Ma il suo intervento, convincente, perfetto, da leader che avrebbe effettivamente stravinto le primarie del Partito laburista, non è stato nemmeno il migliore della giornata.

Ad aprire infatti era stato un giovane attivista, opinionista del Guardian, che si chiama Owen Jones. I venti minuti di Owen Jones sono stati il miglior discorso di sinistra che ho sentito negli ultimi anni.

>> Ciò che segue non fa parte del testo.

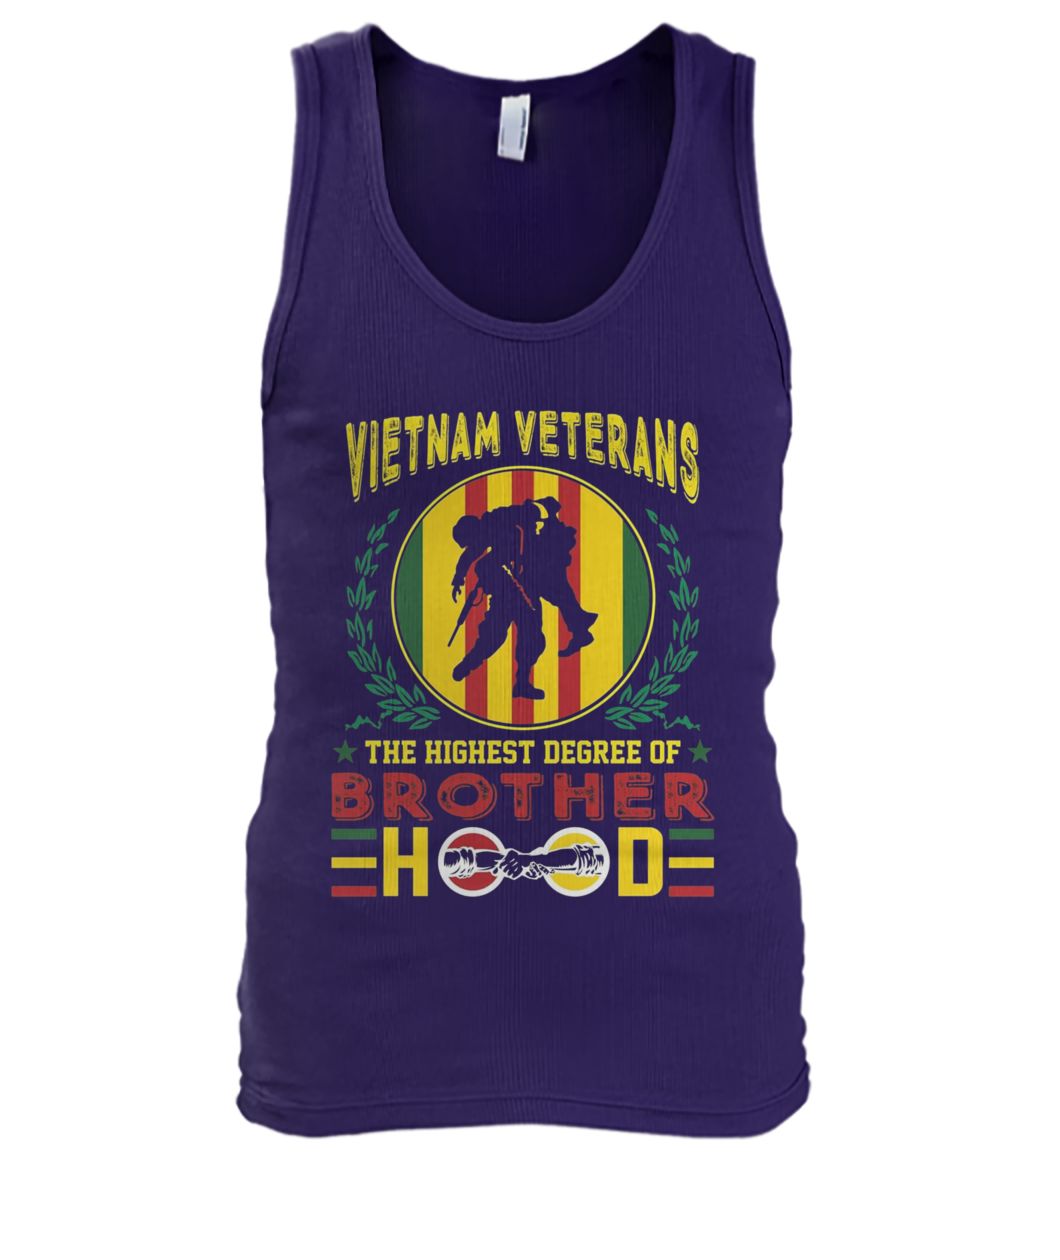 Vietnam veterans the highest degree of brotherhood men's tank top

Non solo per le qualità di oratore, non solo perché ha criticato in modo analitico quasi vent’anni di politiche segnate dai governi di Tony Blair e dai suoi eredi, ma soprattutto perché ne ha smontato il nucleo ideale, e ha voluto porre il problema fondamentale per chi cerca di esserne un’alternativa, che non è quello di riconquistare la sinistra, ma di riconquistare la società: “Non possiamo lasciare soli quelli che hanno votato Ukip”, “C’è bisogno di una cultura femminista”, “Occorre recuperare la tradizione socialista del novecento”.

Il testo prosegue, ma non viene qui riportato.